Con l'intento di dimostrare l'enorme valenza artistica che i singoli e diversi 'Recording Studios' hanno avuto nella storia della musica pop/rock (e non solo).
Primo appuntamento dedicato agli Advision Studios di Londra.
Gli Advision Studios nascono nel 1956, quando Guy Whetstone e Stephen Appleby acquistano i ‘Guy de Bere Studios’, situati nel pieno centro di Londra al nr.83 di New Bond Street nel quartiere di Mayfair, rinominadoli Advision Studios. Un nome che è tutto un programma; l’attività degli studi viene subito focalizzata sulla produzione di doppiaggi e sigle musicali per annunci pubblicitari. L’anno prima infatti era nata la prima tv privata inglese, la ITV (Indipendent Television), che contrariamente alla BBC trasmetteva annunci pubblicitari.
Durante la seconda metà degli anni ‘60 però gli Advision Studios diventano uno degli studi di punta londinesi per la musica pop e rock.

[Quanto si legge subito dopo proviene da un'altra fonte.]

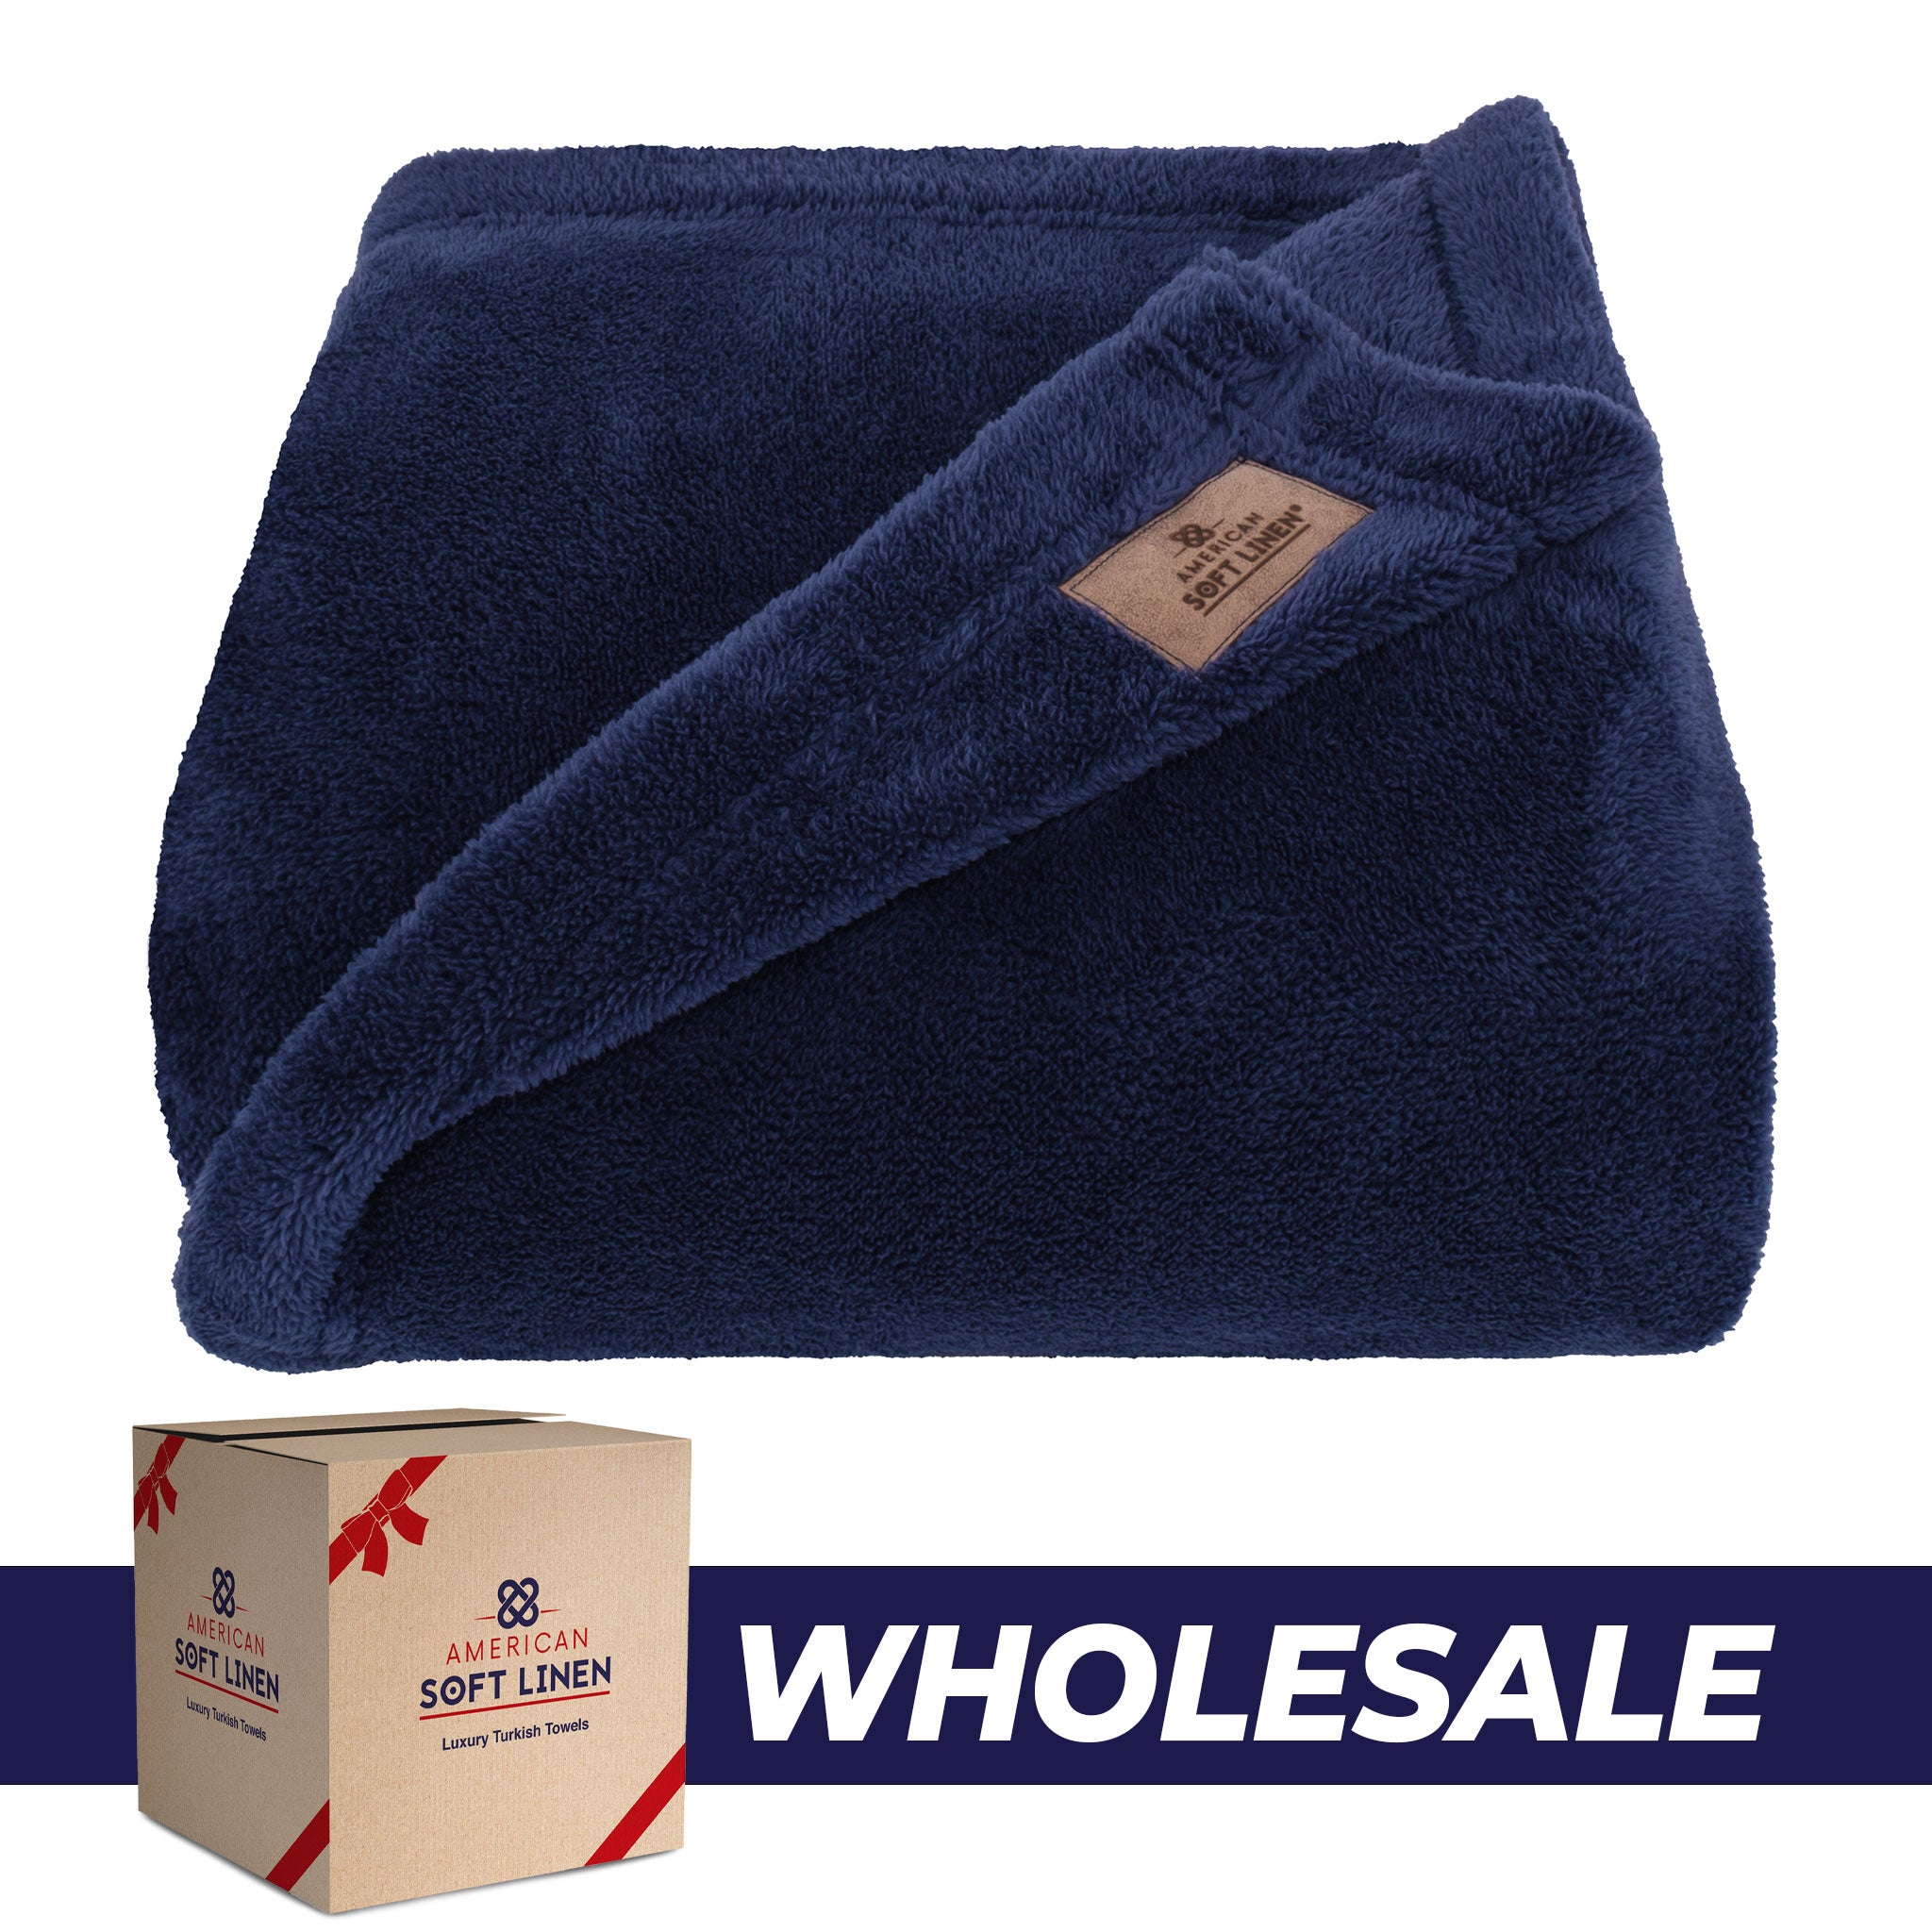 American Soft Linen - Bedding Fleece Blanket - Wholesale - 15 Set Case Pack - Twin Size 60x80 inches - Navy-Blue - 0

Gli Advision Studios a New Bond Street, situati in un seminterrato, consistevano di una singola sala di medie dimensioni (9 x 4 metri), di una piccola sala regia (4 x 3,5 metri) e di una piccola stanza dedicata alla produzioni di acetati e masters; a circa 100 metri di distanza c’era un piccolo teatro per doppiaggi e registrazioni cinematografiche; il tutto molto approssimativo e povero dal punto di vista dell’isolamento acustico; in aggiunta, la cantina veniva utilizzata come ‘camera eco’, essendo la sala di registrazione di dimensioni non sufficienti per ottenere decenti riverberi e spazialità del suono.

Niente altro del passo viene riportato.